- THE TASK:
Go through the entries one line at a time, and gather every line that has the word "Photo".

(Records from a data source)
--- START ---
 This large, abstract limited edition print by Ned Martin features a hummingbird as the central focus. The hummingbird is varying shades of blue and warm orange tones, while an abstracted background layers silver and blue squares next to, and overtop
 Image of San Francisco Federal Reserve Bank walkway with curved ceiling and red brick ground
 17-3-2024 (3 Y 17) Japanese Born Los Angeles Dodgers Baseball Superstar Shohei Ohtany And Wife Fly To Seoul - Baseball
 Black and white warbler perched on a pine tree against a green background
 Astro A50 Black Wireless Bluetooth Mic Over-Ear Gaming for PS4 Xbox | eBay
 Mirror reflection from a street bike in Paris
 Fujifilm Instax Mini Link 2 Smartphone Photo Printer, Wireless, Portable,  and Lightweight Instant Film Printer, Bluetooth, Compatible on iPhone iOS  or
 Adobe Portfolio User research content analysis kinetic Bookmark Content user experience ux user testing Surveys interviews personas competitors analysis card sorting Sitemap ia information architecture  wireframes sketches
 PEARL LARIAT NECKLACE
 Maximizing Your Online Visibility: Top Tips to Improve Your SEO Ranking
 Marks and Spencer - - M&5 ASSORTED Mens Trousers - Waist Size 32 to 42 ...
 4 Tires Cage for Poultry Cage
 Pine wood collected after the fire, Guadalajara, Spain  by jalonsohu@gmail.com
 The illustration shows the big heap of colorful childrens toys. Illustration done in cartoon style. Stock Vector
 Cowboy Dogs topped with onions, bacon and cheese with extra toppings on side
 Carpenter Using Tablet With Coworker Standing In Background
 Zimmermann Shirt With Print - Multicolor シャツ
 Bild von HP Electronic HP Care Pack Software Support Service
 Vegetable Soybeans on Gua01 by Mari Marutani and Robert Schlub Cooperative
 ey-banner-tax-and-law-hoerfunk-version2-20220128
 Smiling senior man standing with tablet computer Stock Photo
--- END ---
- EXERCISE RESPONSE:
 Fujifilm Instax Mini Link 2 Smartphone Photo Printer, Wireless, Portable,  and Lightweight Instant Film Printer, Bluetooth, Compatible on iPhone iOS  or
 Smiling senior man standing with tablet computer Stock Photo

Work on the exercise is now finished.